TASK GOAL
What the answer must hold is the line containing "Rada Airlines EW-450TR" and all lines after it through the end of the listing, copied exactly, with pictures left out.

DATA BELOW
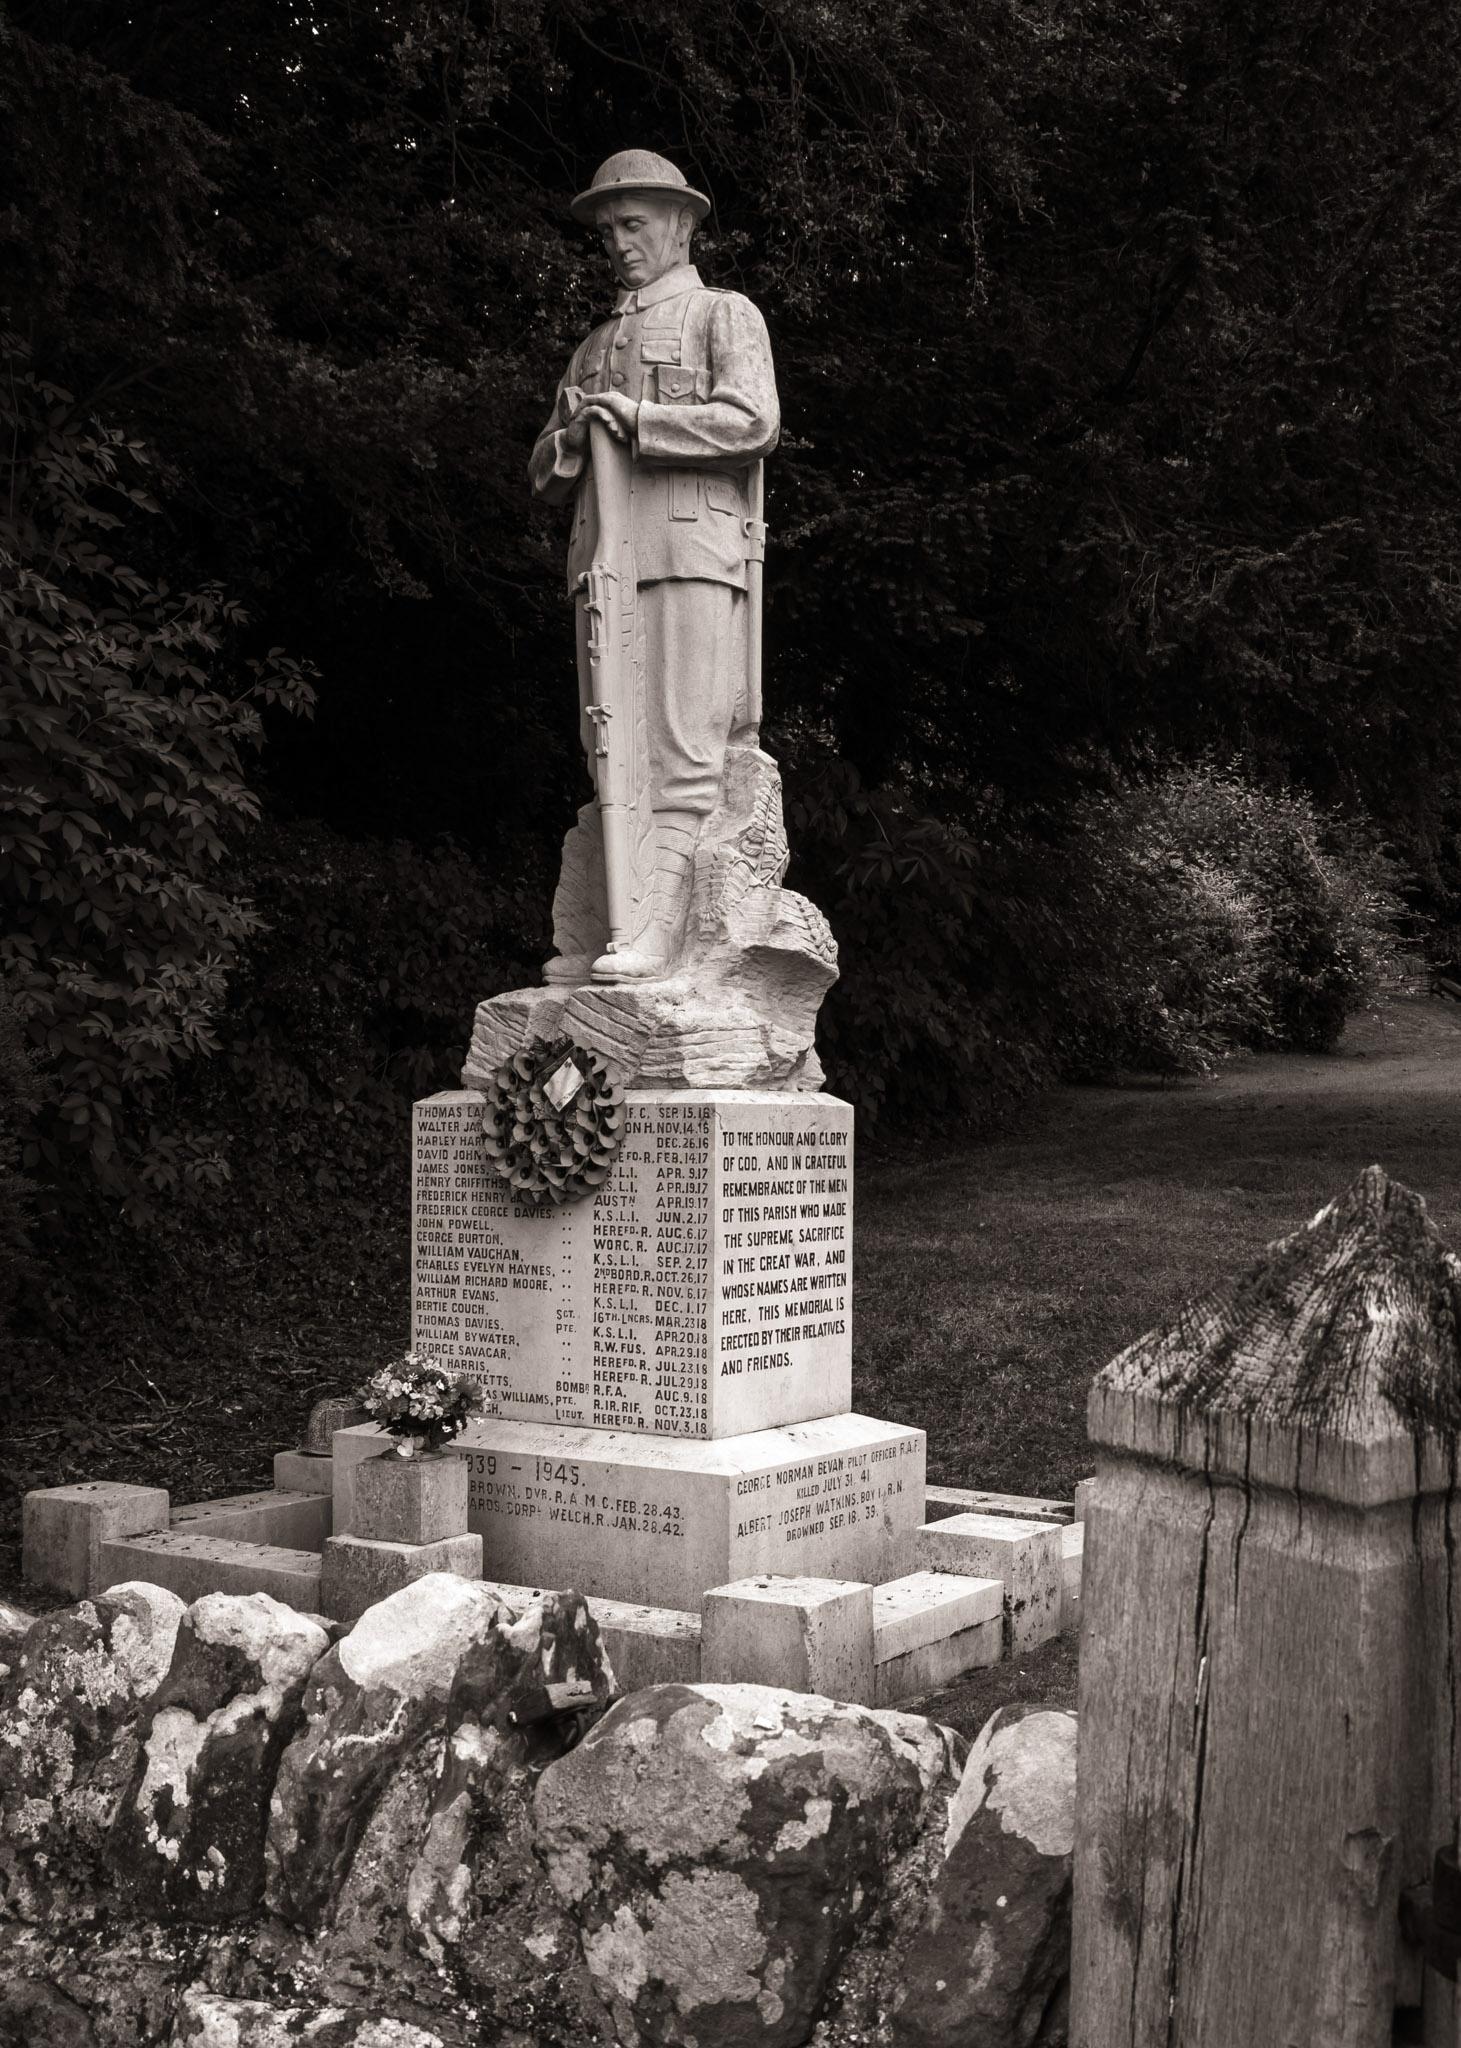 World War I Memorial, Dilwyn, Herefordshire, England
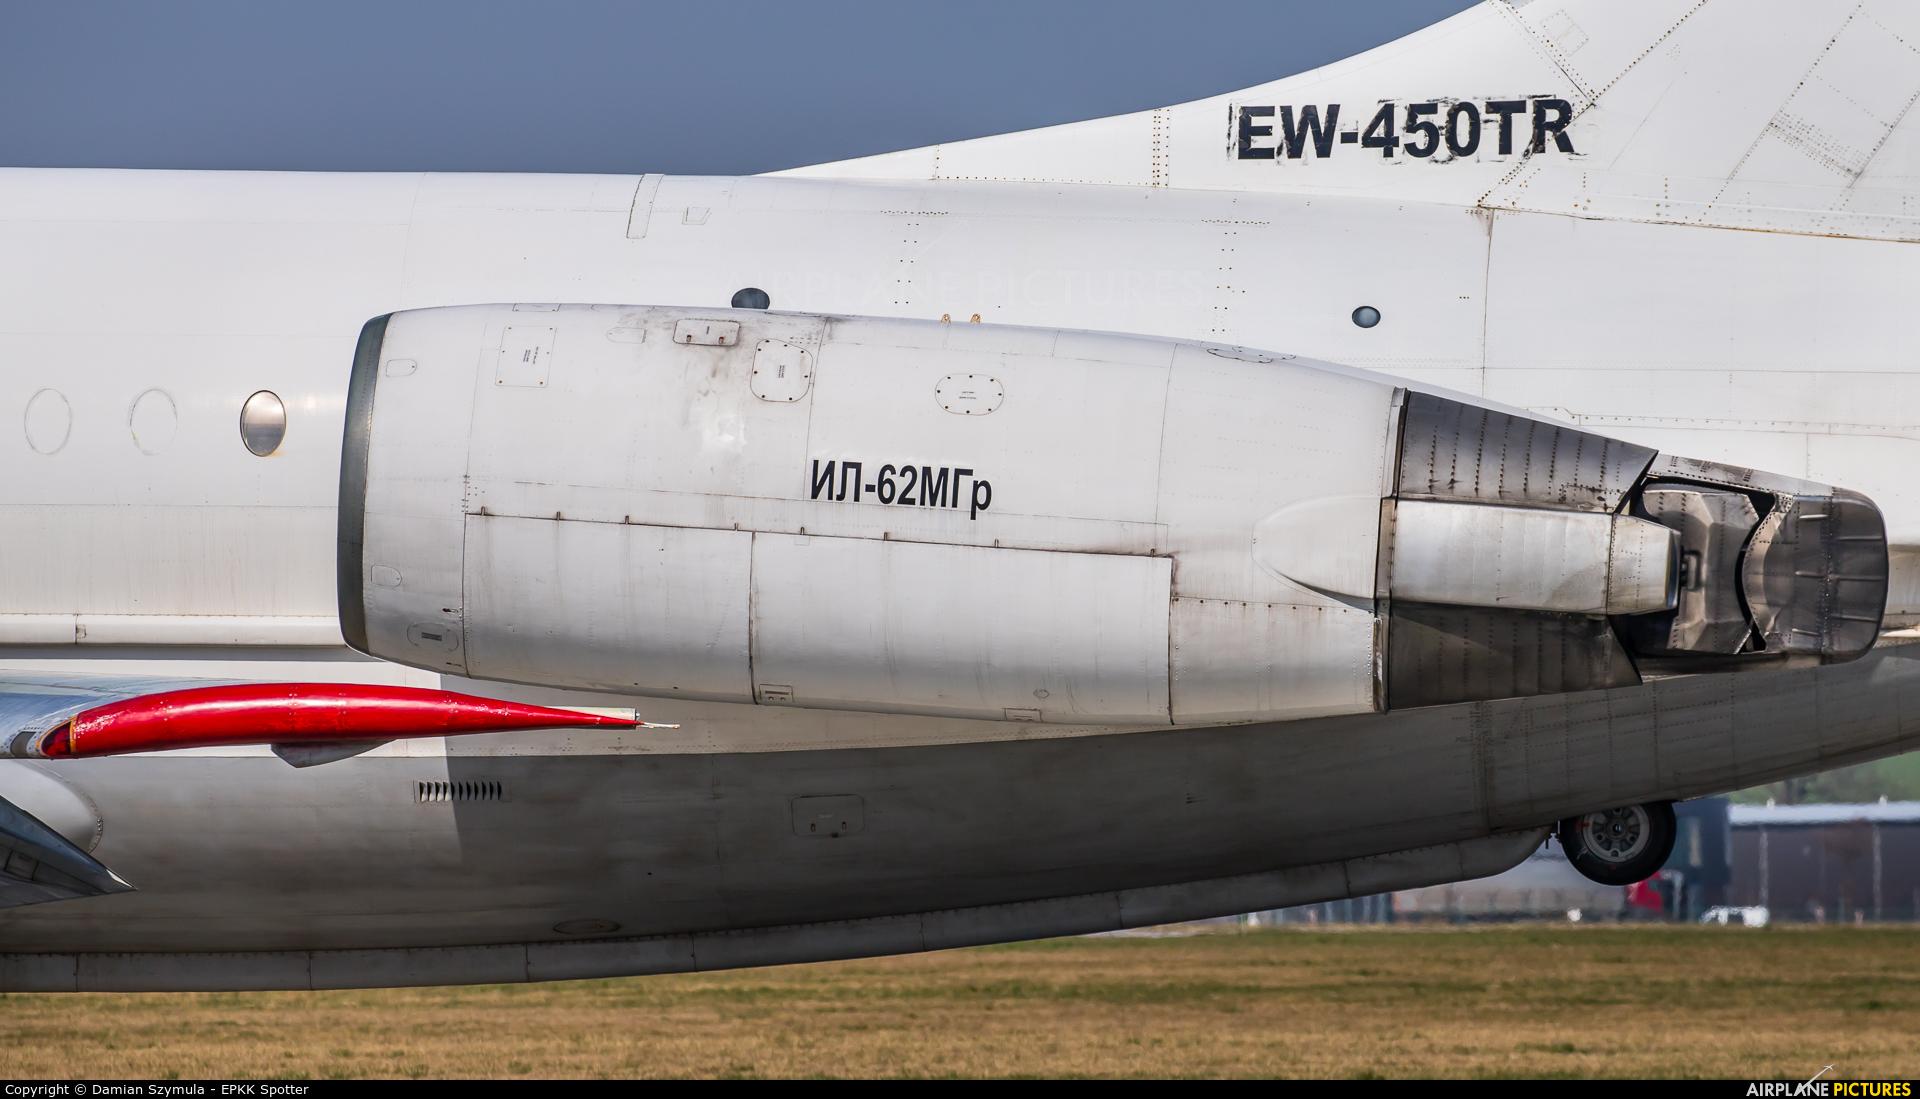 Rada Airlines EW-450TR aircraft at Kraków - John Paul II Intl
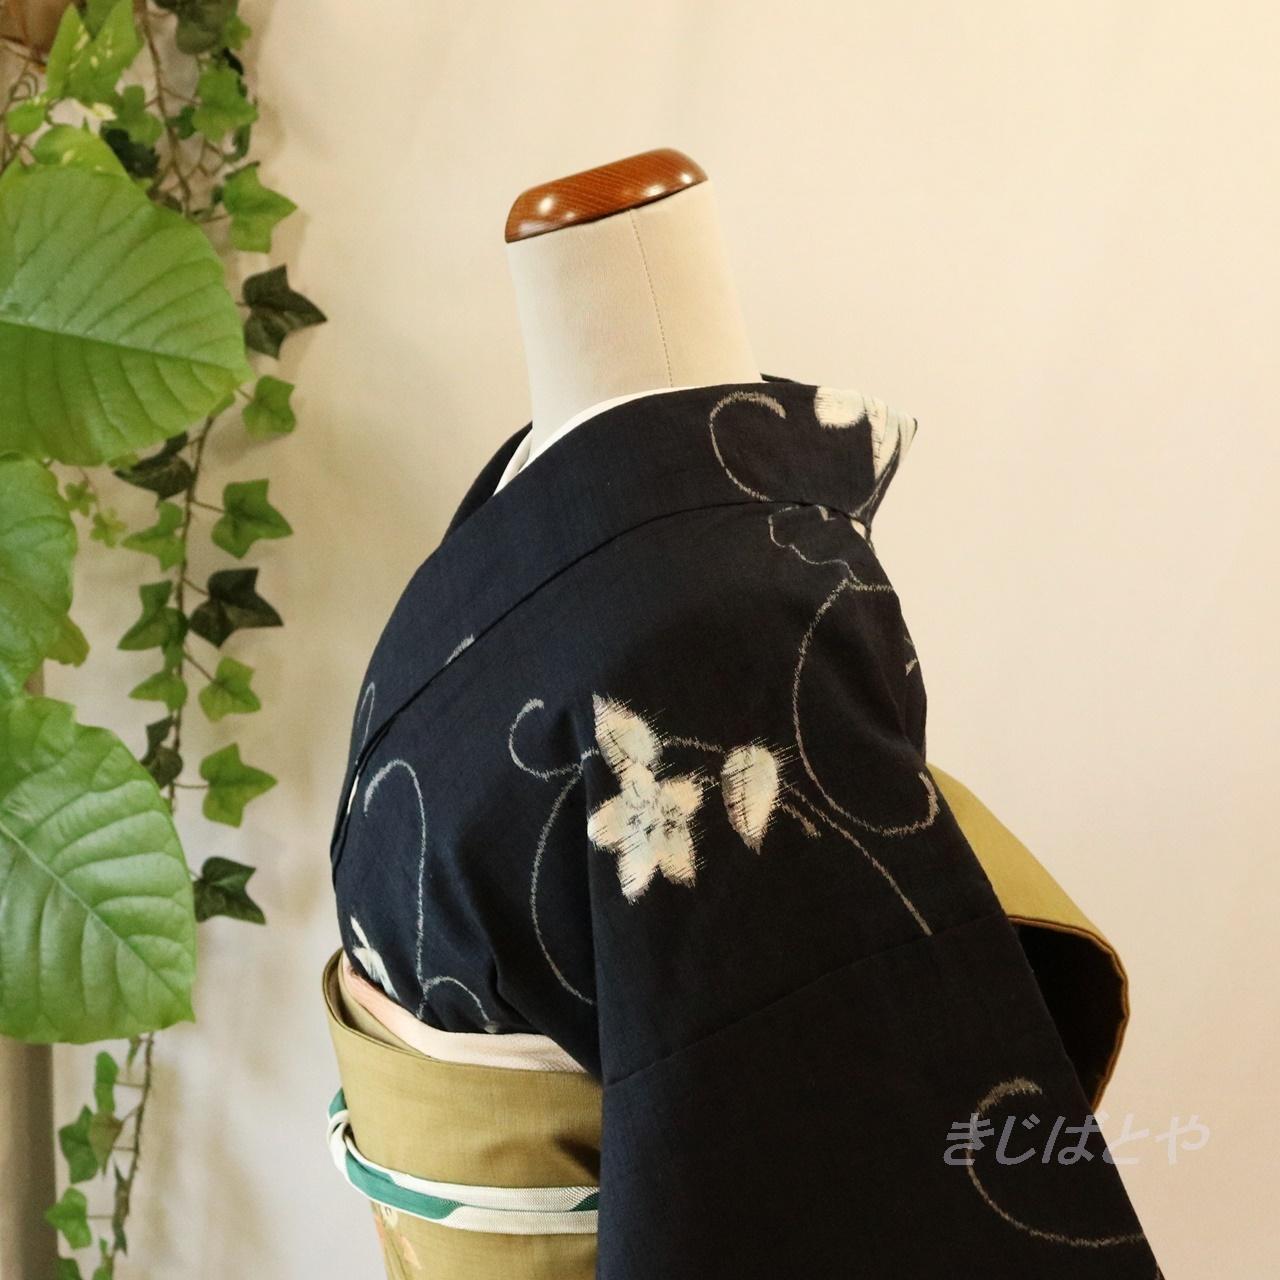 正絹紬 濃紺に白花の総柄小紋 袷

SOLUTION TO THE PROBLEM
 Rada Airlines EW-450TR aircraft at Kraków - John Paul II Intl
 正絹紬 濃紺に白花の総柄小紋 袷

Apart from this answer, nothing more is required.